Kami mengetahui persis bahwa sebenarnya watak asli elit-elit politik, partai partai borjuis yang berada di Senayan dibawah komando SBY-Boediono ternyata sangat tekun mempraktekkan Kapitalisme yang membawa akibat ambruknya seluruh tatanan ekonomi, poliik dan kemanusian.
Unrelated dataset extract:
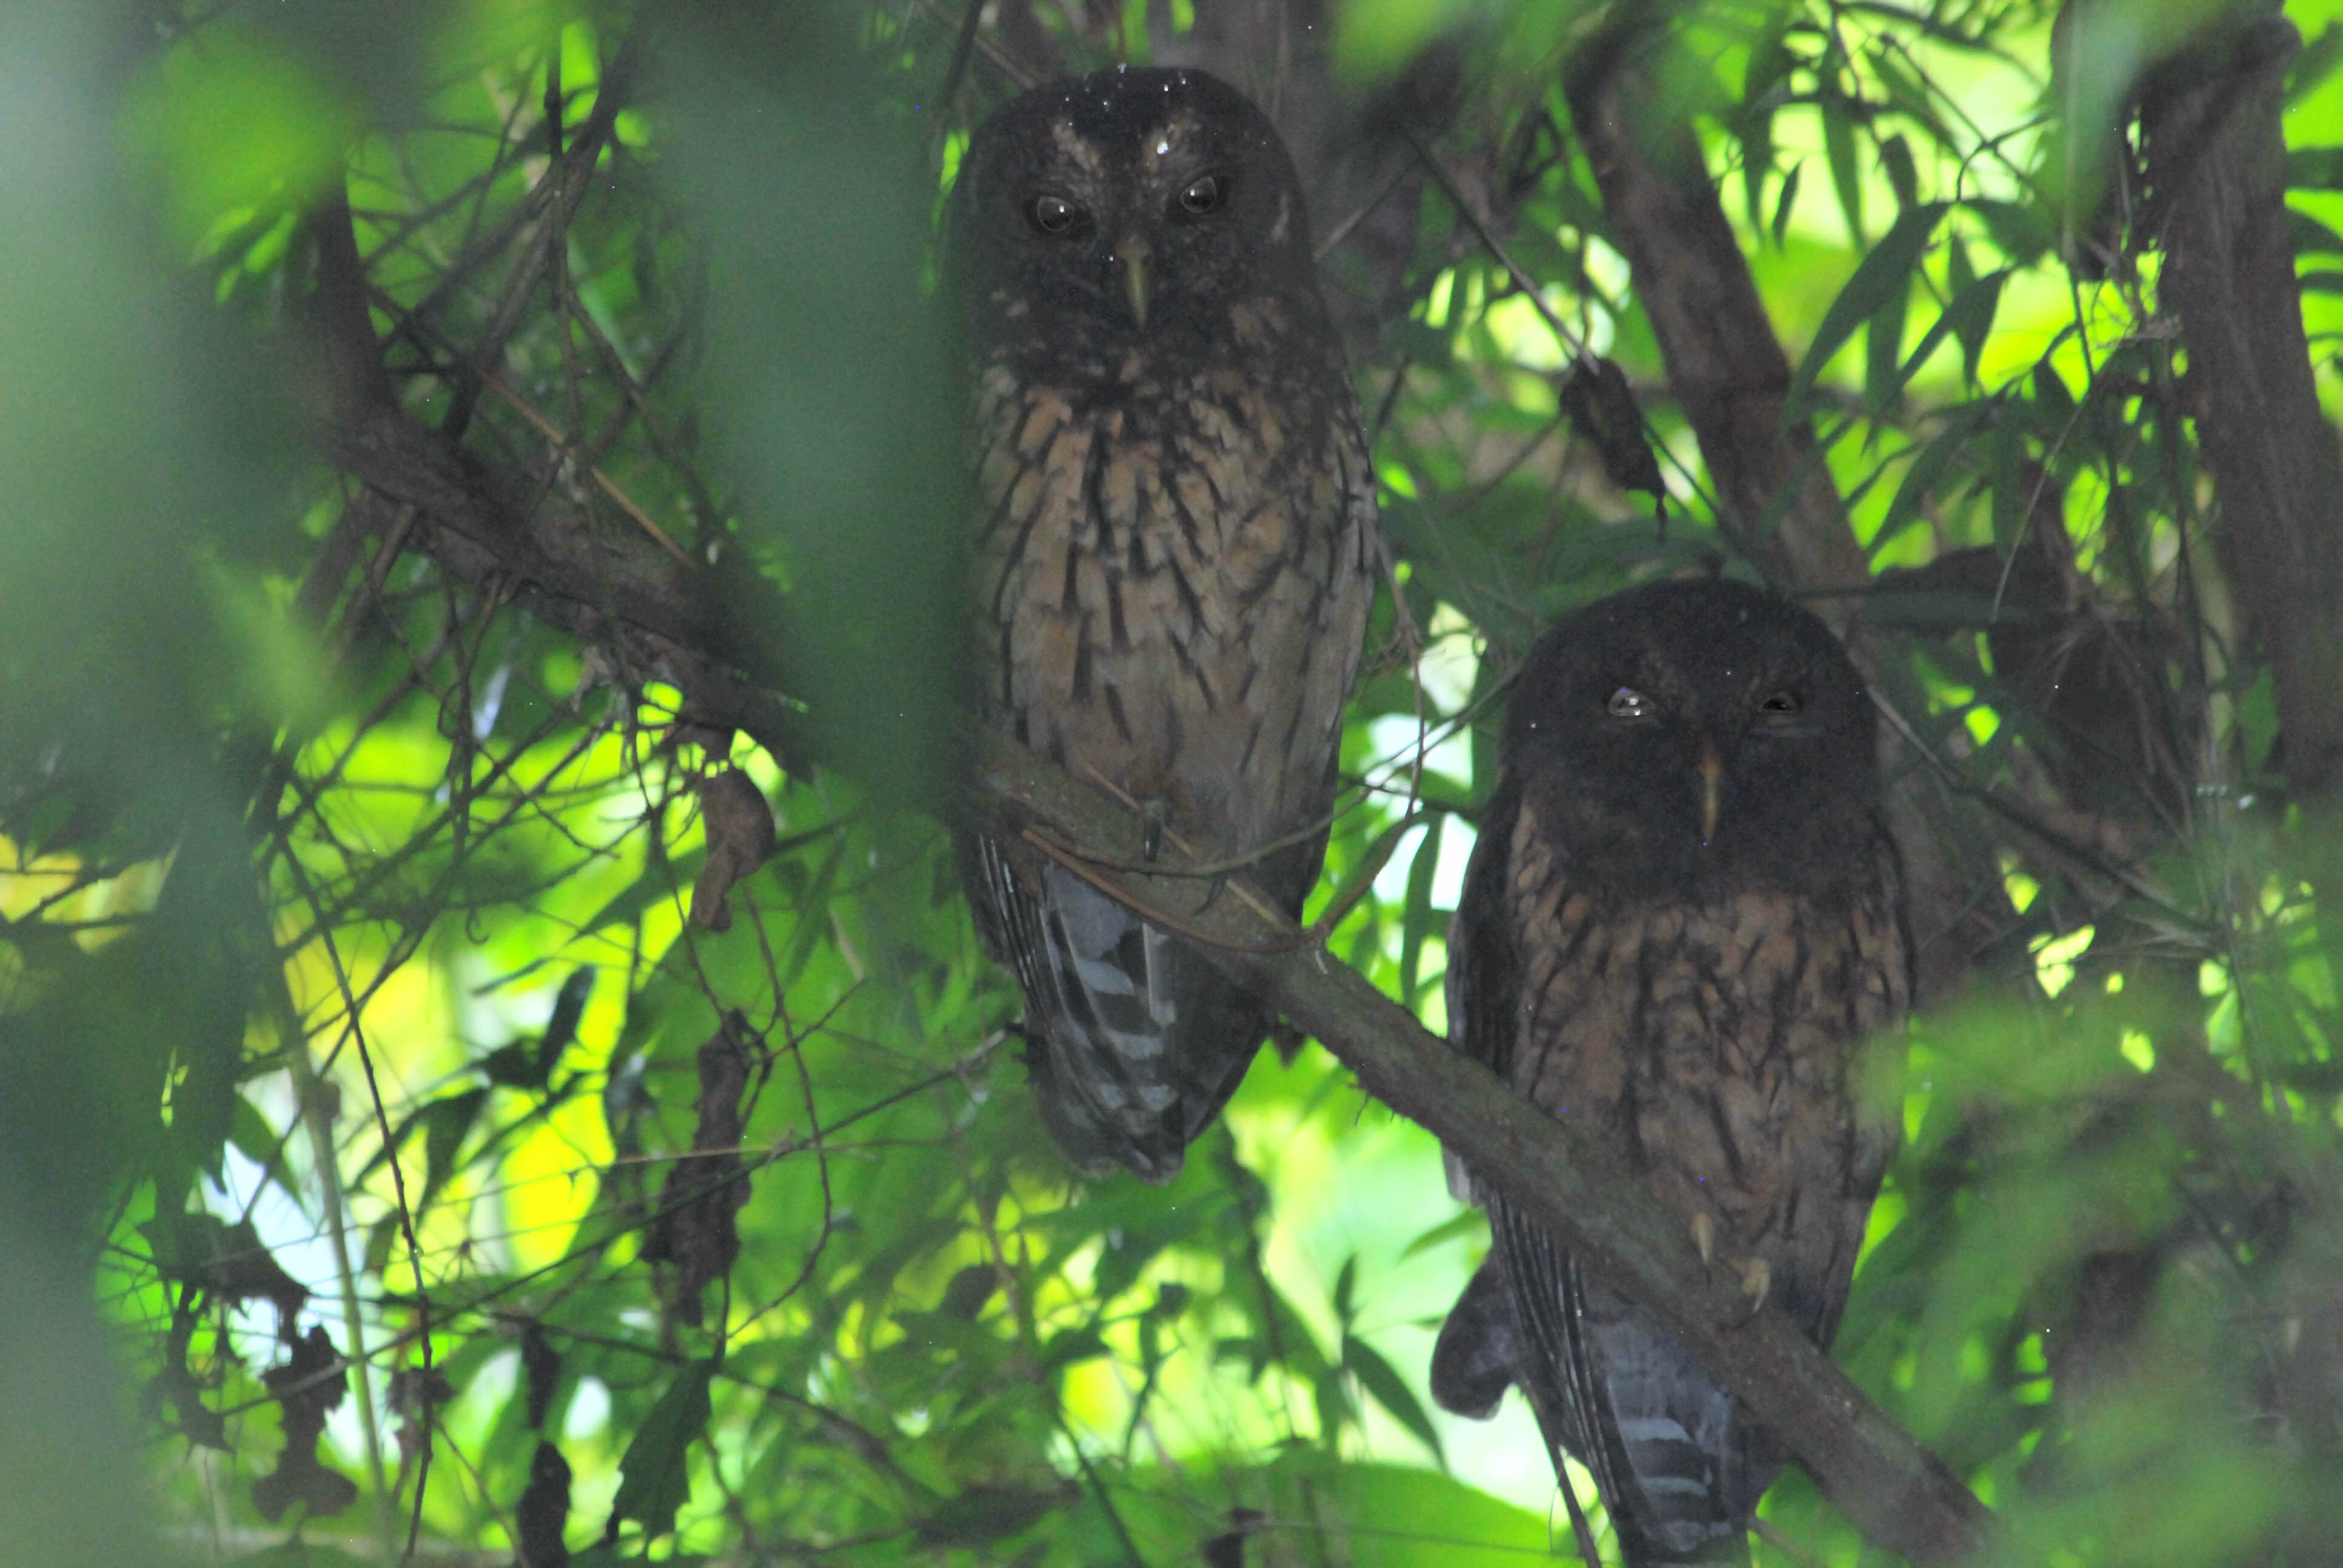 Click picture to see more Mottled Owlss.

Oleh karena itu, Kekuasaan rezim kapitalis SBY-BOEDIONO harus digulingkan dengan energi massa dalam persatuan perjuangan, menuju pemerintahan transisional demokratik di bawah kepemimpinan kelas buruh dan tani.

Kami menegaskan sikap untuk:

1. Tolak Upah Murah, Sistem Kerja Kontrak dan Outsourcing, Terapkan Upah Layak Nasional.
2. Batalkan dan Cabut UU 39 Tahun 2009 tentang Kawasan Ekonomi Khusus.
3. Tanah Untuk Rakyat
4. Batalkan pengesahan RUU Pengadaan Tanah Untuk Pembangunan.
5. PP No.18 tahun 2010 dan Batalkan Proyek Food Estate.
6. Pendidikan gratis, ilmiah, kerakyatan dan berkualitas untuk semua golongan tanpa ada diskriminasi.
7. Kesehatan gratis dan berkualitas bagi rakyat.

Tidak ada jalan lain, maka inilah jalan keluar yang harus dilakukan secara cepat, saling terkait dan serempak harus:

1. Negara harus melaksanakan Pembaruan Agraria Sejati di Bawah Kontrol Rakyat.
2. Negara harus Bangun industrialisasi nasional yang mandiri di bawah kontrol kaum buruh.
3. Negara harus melakukan Nasionalisasi asset-asset swasta dalam dan luar negeri dibawah kontrol rakyat.
4. Negara harus menyita harta, mengadili dan penjarakan Koruptor.